On peut ainsi se demander si l’inscription a été créée avant l’image. Selon Le dictionnaire d’archéologie chrétienne et de liturgie, la formule sacrée, «Jesus-Christ, fils de Dieu, sauveur», qui a été employée ouvertement, dans un premier temps, a dû être déguisée en un mot de passe: ichthus. Puis, «le voile ayant été jugé encore trop transparent, l’idée est venue de substituer au mot l’image matérielle».

Si ichthus fait référence au Christ, les vingt-sept lettres de cette profession de foi, Ἰησοῦς Χρειστὸς Θεοῦ Υἱὸς Σωτήρ, constituent l’acrostiche des vingt-sept premiers vers d’un poème (cf. encadré). Ichthus est donc l’acrostiche d’un acrostiche, ou aussi appelé acrostiche au second degré. Ce texte nous est parvenu grâce à Constantin Ier, empereur romain entre 306 et 337, qui l’a intégré à son manifeste aux chrétiens, après s’être converti au christianisme. Ce poème, très sombre, décrit le jugement dernier.

La traduction du poème

Ce texte fait partie du Manifeste aux chrétiens de Constantin Ier, il a été écrit en grec. Les vingt-sept premiers vers commencent par les lettres comprises dans «Jesus-Christ, fils de Dieu, sauveur». En voici une traduction française du Dictionnaire d’archéologie chrétienne et de liturgie.

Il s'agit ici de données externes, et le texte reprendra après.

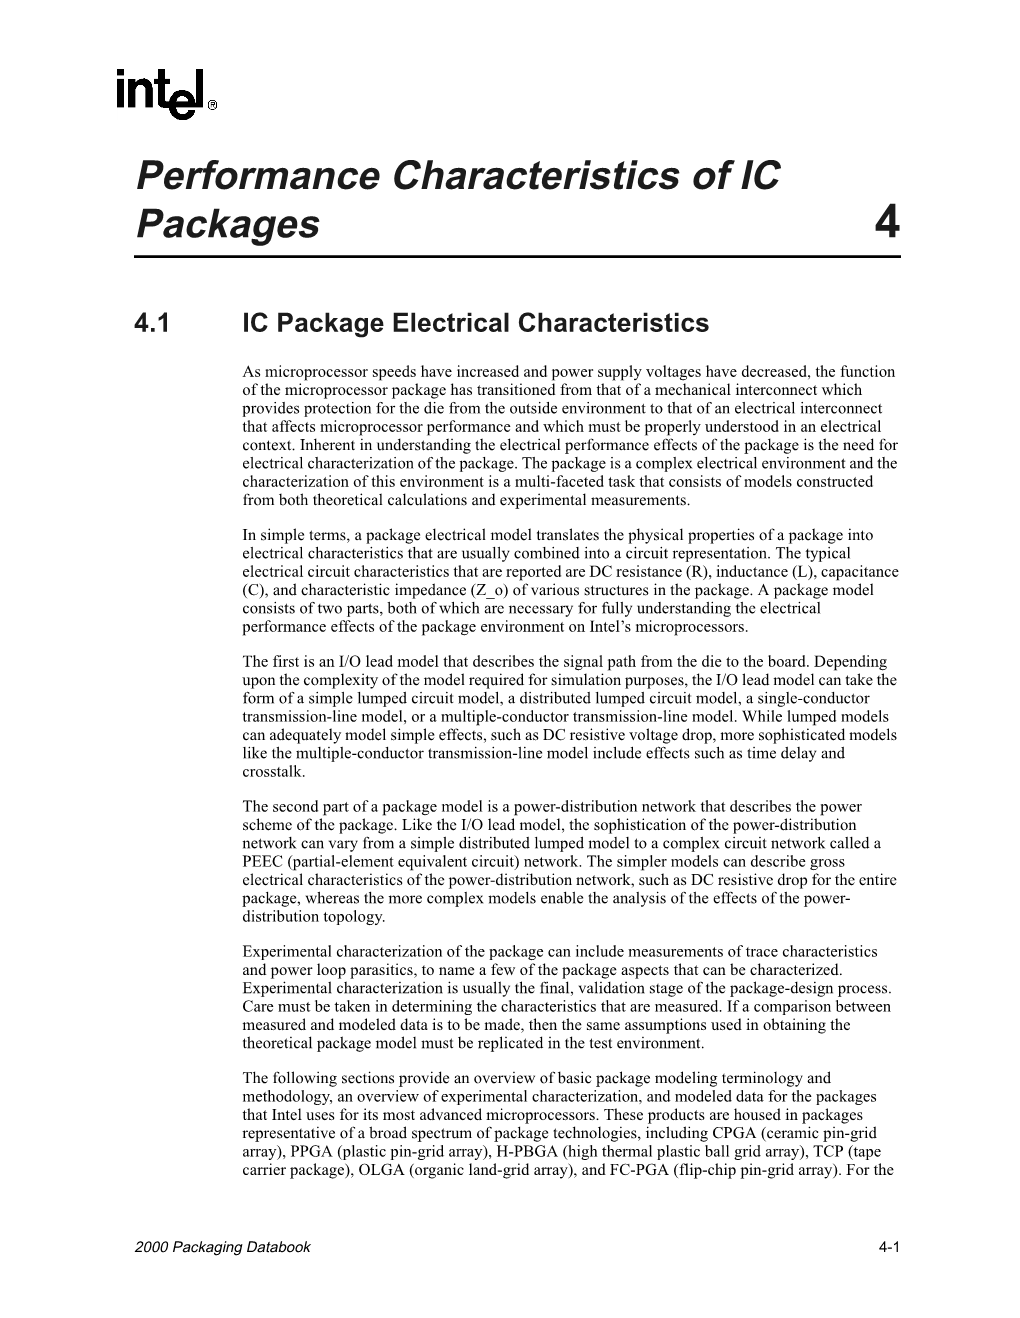 Performance Characteristics of IC Packages 4
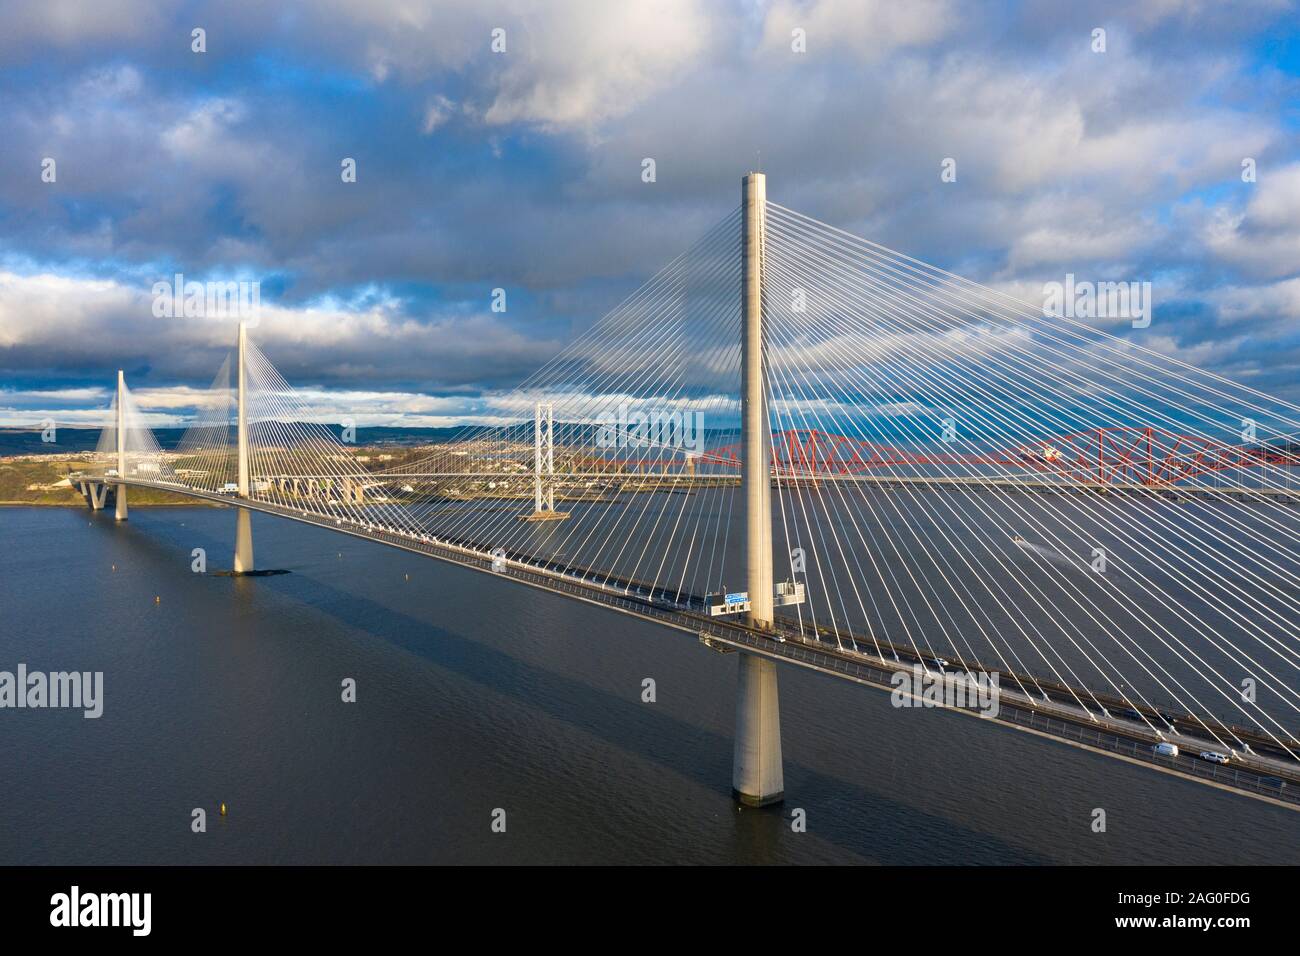 Aerial view of the Queensferry Crossing bridge spanning the Firth of Forth river in Scotland, UK. Stock Photo

«La terre se couvrira de sueur, quand le signe du jugement aura lieu. Et le roi, qui doit régner dans les siècles, viendra du ciel, apparaissant pour juger toute chair, et le monde tout entier. Et les mortels croyants et incrédules verront Dieu très-haut avec les saints, à la fin du temps. Il se met à juger à son tribunal les âmes des hommes vêtus de chair, au moment où le monde entier devient enfin terre inculte et couverte d’épines. Et les mortels vont jeter leurs idoles et tout ce qui compose leur richesse. Et le feu parcourant dans toutes leurs parties la terre, le ciel ainsi que la mer, les consumera entièrement; il brûlera jusqu’aux portes de la prison de l’enfer. Alors toute chair appartenant aux saints morts viendra à la lumière libre; et le feu fera éternellement justice des hommes sans lois. Les actions qu’un chacun aura commises en secret, il les révélera toutes alors; car Dieu découvrira l’intérieur des poitrines ténébreuses, en y portant la lumière; et du milieu de tous ces malheureux partiront des gémissements et des grincements de dents. L’éclat du soleil s’effacera, ainsi que les chœurs des étoiles. Dieu repliera le ciel sur lui-même; et la clarté de la lune s’éteindra aussi. Il exhaussera les vallées, et fera disparaître les hauteurs des collines, et aucune affligeante élévation ne se montrera plus parmi les hommes. Et les montagnes seront égales aux plaines. Et la mer entière n’offrira plus de navigation; car la terre aura été brulée par la foudre avec les sources, et les fleuves aux flots retentissants seront taris. Et la trompette fera retentir du haut du ciel un son plein de désolation, déplorant la folle perversité et les désastres et les désastres du monde. Et alors la terre entr’ouverte montrera le chaos du Tartare. Et tous les rois comparaîtront devant le tribunal de Dieu. Et du haut du ciel coulera un fleuve de feu ainsi que du soufre. Et alors bien certainement se montrera le signe, marque distinctive pour tous les mortels, le bois, parmi les fidèles, objet de fierté et d’amour, vie des hommes pieux, et scandale du monde, éclairant les élus par les eaux dans les douze sources, verge conduisant le troupeau, et de fer par sa domination. Tel est celui qui à présent se trouve écrit en tête de nos vers acrostiches, notre Dieu, sauveur, roi immortel, celui qui a souffert pour l’amour de nous».

Fernand Carol et Henri Leclercq, Dictionnaire d’archéologie chrétienne et de liturgie. Paris, 1912. Volume 14, colonnes 2001 et 2002.